Cultural/global: DPOs will likely be dealing with controllers and processors from different countries and therefore business cultures. DPOs must have experience in dealing with different ways of thinking and doing business and have the flexibility to marshal these differences into a successful result. Think of the simplified example of an organisation with a retail presence in Europe, contract manufacturers in China, IT outsourcers in India, and headquarters in the U.S.  DPOs should be based in the EU but globally focused.


Leadership/broad exposure: Article 38.2 requires, “The controller and processor shall support the DPO … by providing resources necessary to carry out those tasks and access to personal data and processing operations, and to maintain his or her expert knowledge.” DPOs will need to have leadership and project management experience, to be able to request, marshal and lead the resources need to carry out their roles. They also must be able to critically assess themselves for knowledge gaps and request training in those areas.

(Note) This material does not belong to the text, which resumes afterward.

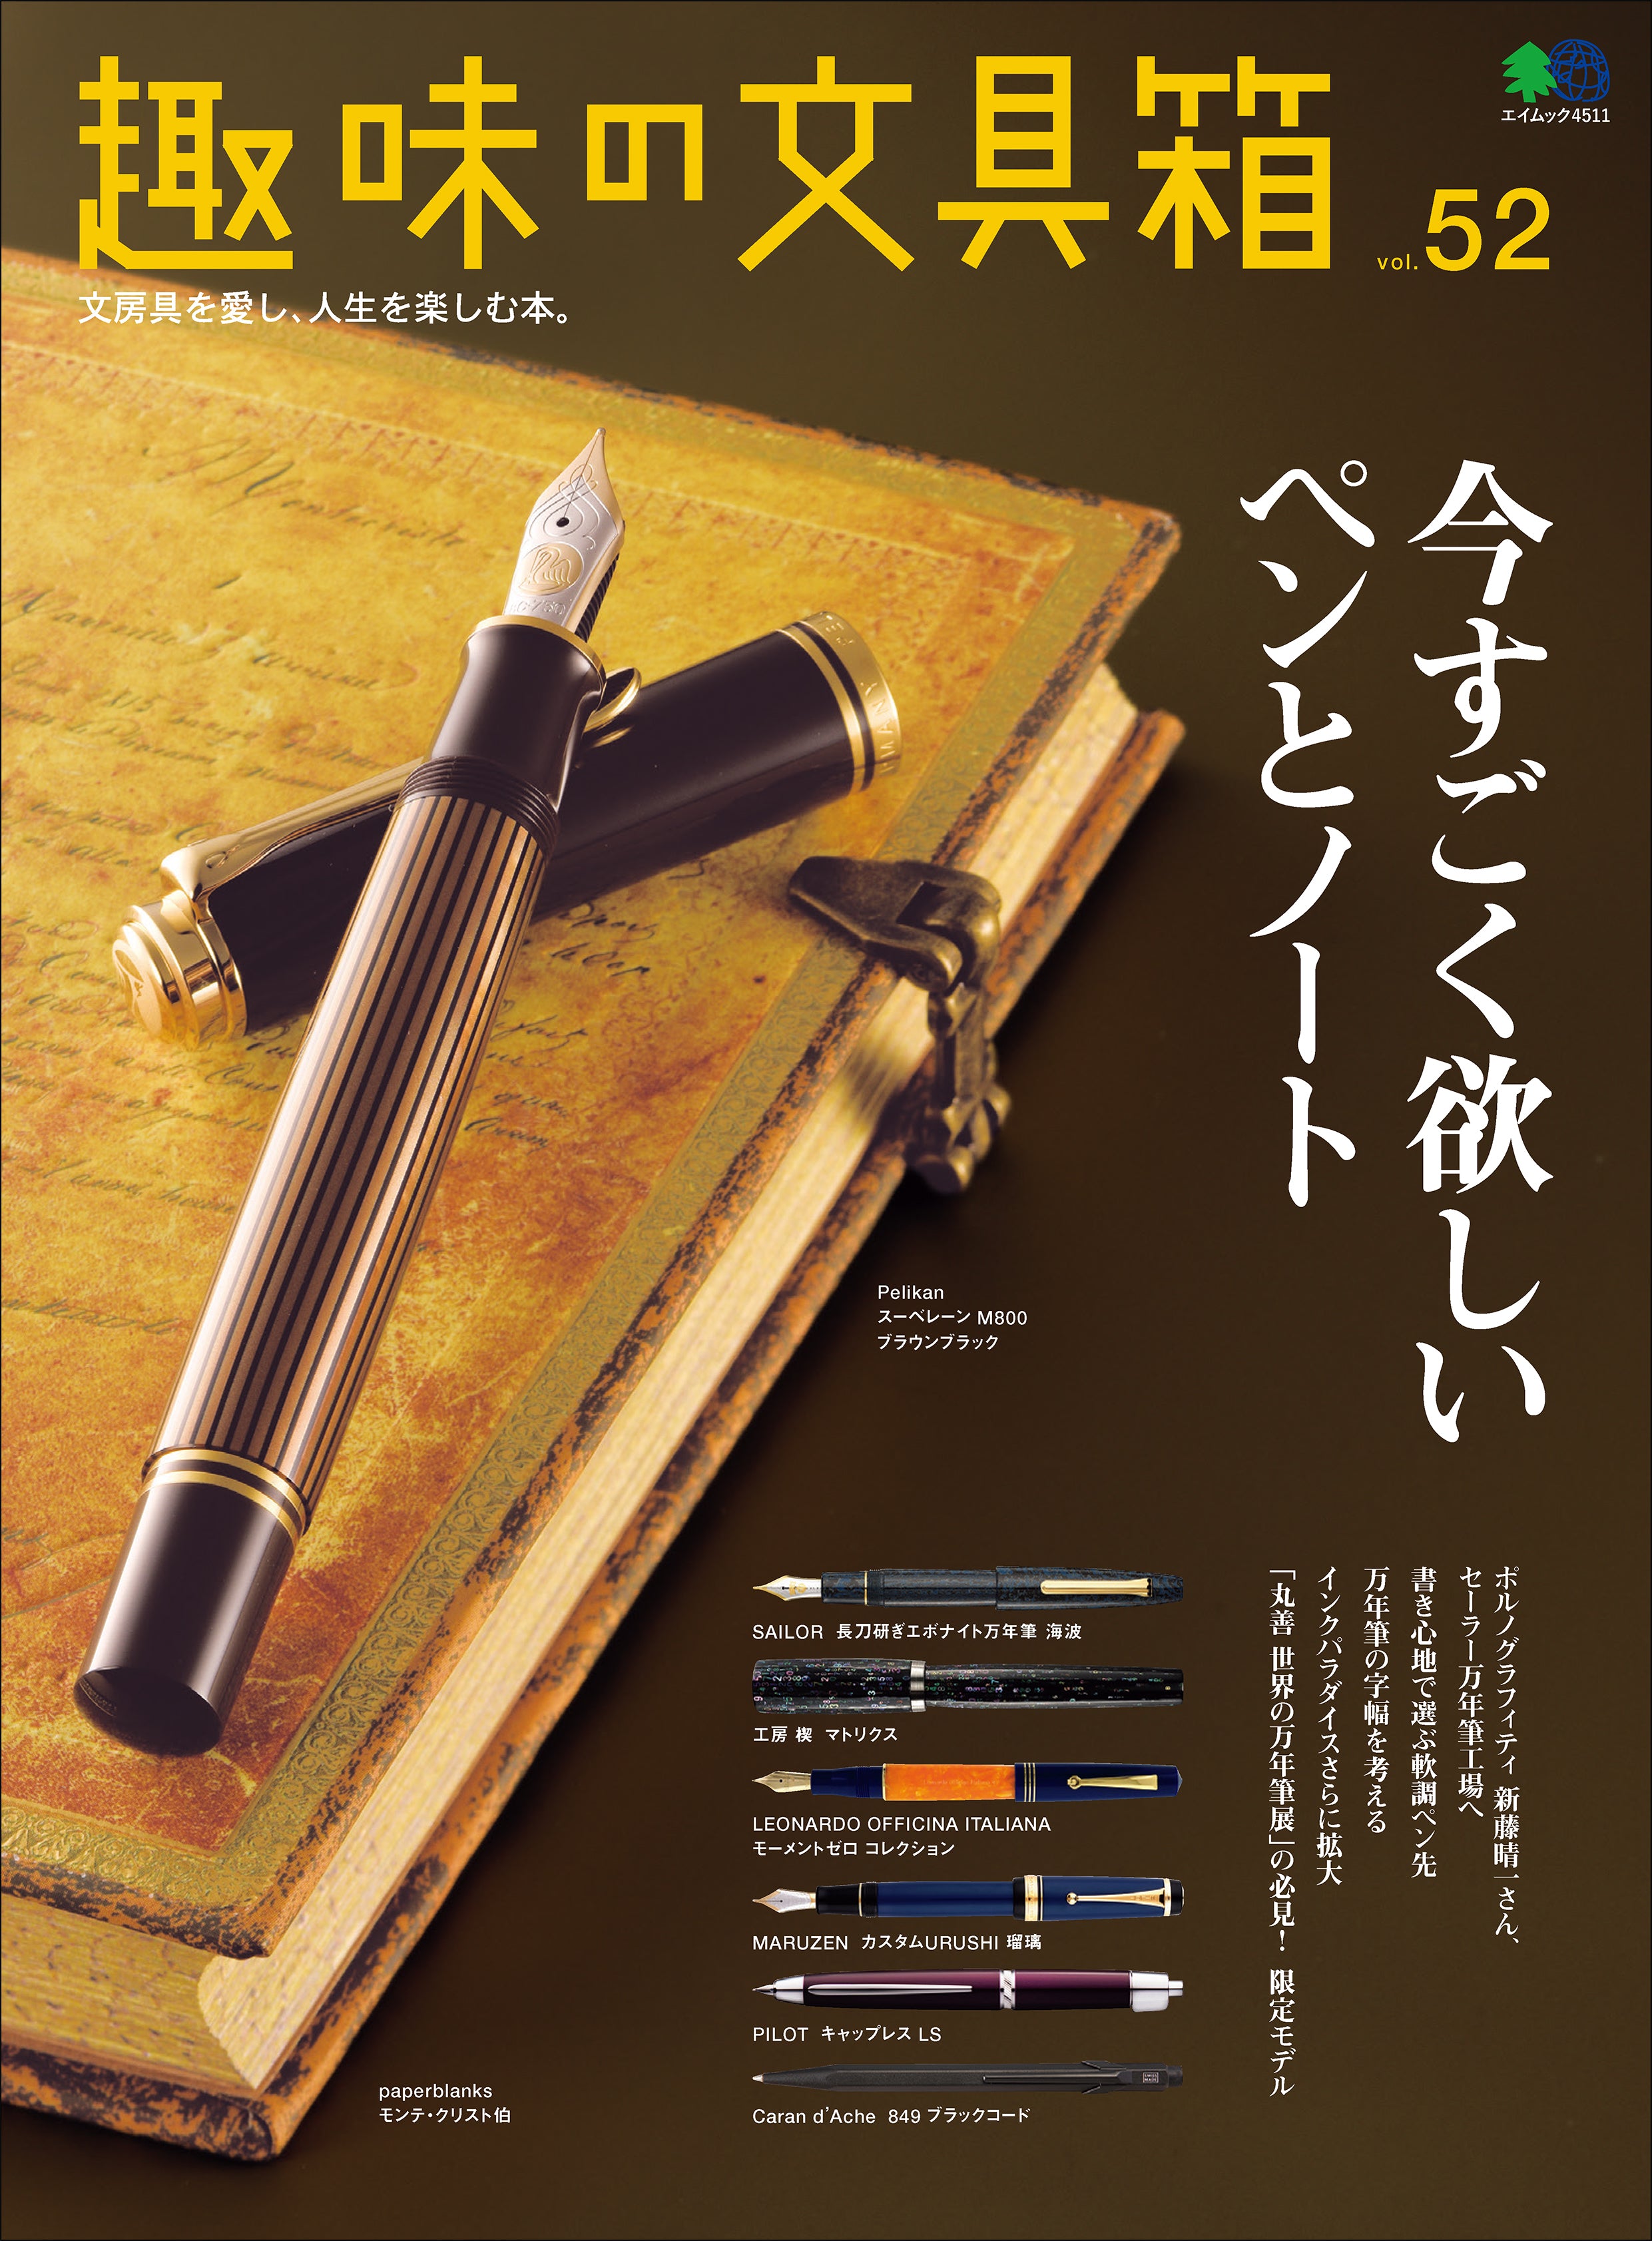 『趣味の文具箱』2020年1月号vol.52「今すごく欲しいペンとノート」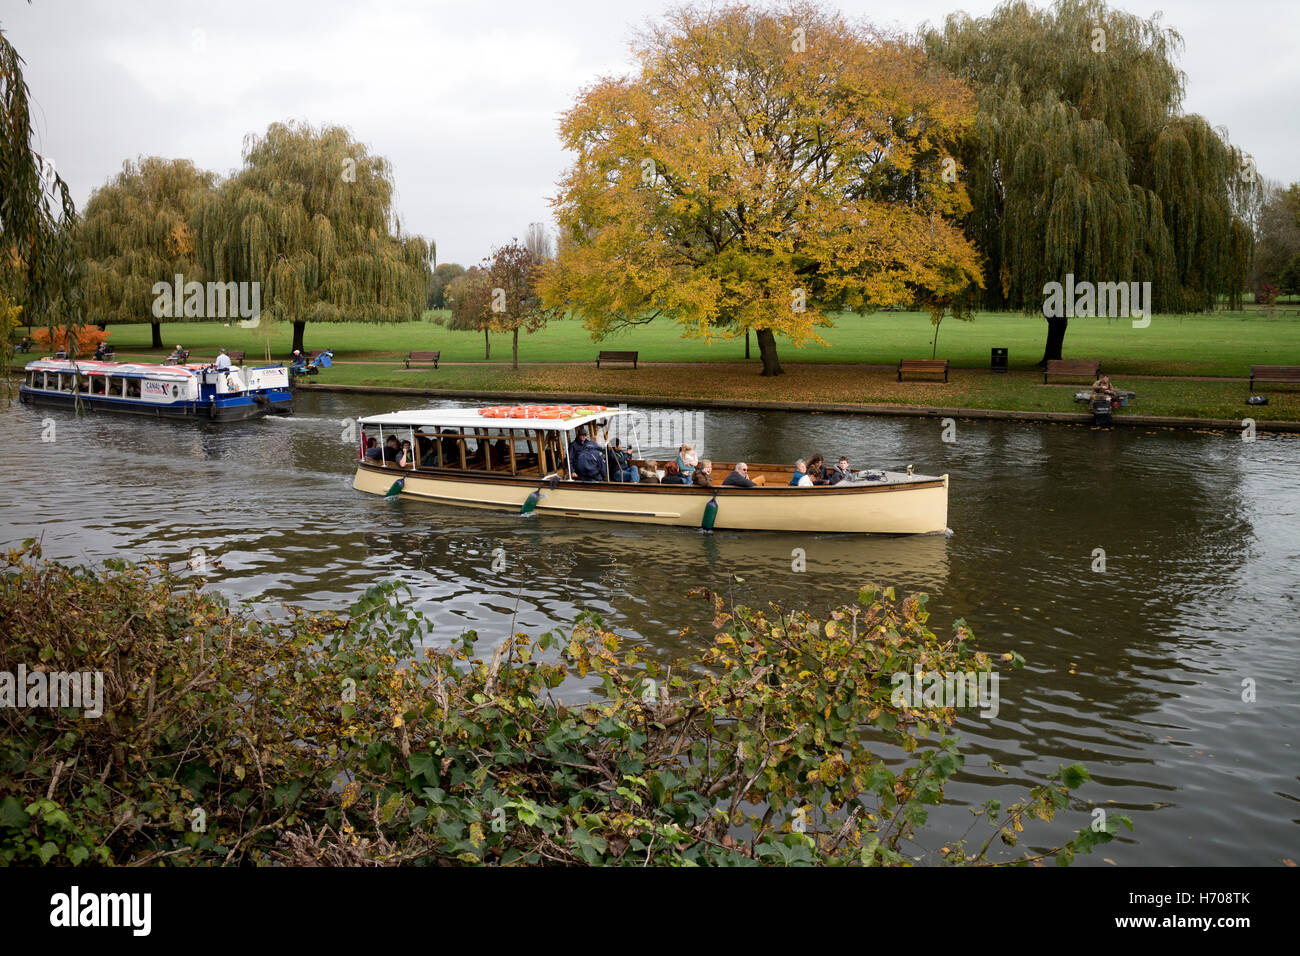 Gita in barca sul fiume Avon in autunno, Stratford-upon-Avon, Regno Unito Foto Stock

DPOs should have broad business experience to know the industries of the data controller and processor well enough to understand how privacy should be implemented to integrate smoothly with the way each company designs and markets its products and services and earns its revenues.

DPOs must be able to speak in the language of the average citizen, not in technical or legal jargon, to handle requests and complaints from data subjects. A common touch is helpful to DPOs in their role to protect data subjects’ rights.


Self-starter/board-level: Article 38.3 requires, “The controller and processor shall ensure that the DPO does not receive any instructions regarding the exercise of those tasks …  The DPO shall directly report to the highest management level of the controller or the processor.” DPOs have to be self-starters, with the competence and skills to carry out the role without guidance and to know where to find necessary information. DPOs must also have board-level presence and be able to deal with experienced business people who will not know the intricacies of DPO functions. Licensed external auditors such as CPAs/CAs, who audit compliance with laws, standards, and practices, are independent of the auditee, and report to the board, would have this type of experience.  

Common touch/teaching: Article 38.4 allows data subjects to contact the DPO “with regard to all issues related to the processing of their personal data and to the exercise of their rights.” DPOs must be able to speak in the language of the average citizen, not in technical or legal jargon, to handle requests and complaints from data subjects. A common touch is helpful to DPOs in their role to protect data subjects’ rights. DPOs must also have skills in both legal training and awareness raising, to ensure all data subjects are aware of their rights and responsibilities and to help train others to assist data subjects on specific requests.   


No-conflicts/credibility: Article 38.6 allows DPOs to fulfil other tasks as long as “any such tasks and duties do not result in a conflict of interests.” DPOs who are members of the data controller’s organisation may not perform roles that conflict with their DPO role. For example, a DPO also overseeing information security has a conflict when their security risk assessments and treatments are evaluated under their DPO role. DPOs should be dedicated or the role outsourced to an independent external DPO. 

Article 39.1 states that DPOs are required “to cooperate with the supervisory authority … [and] act as the contact point for the supervisory authority on issues relating to processing.” A prior relationship with the data protection authority is helpful, or DPOs must be able to establish instant credibility based on their wide experience, knowledge, credentials and relationship skills.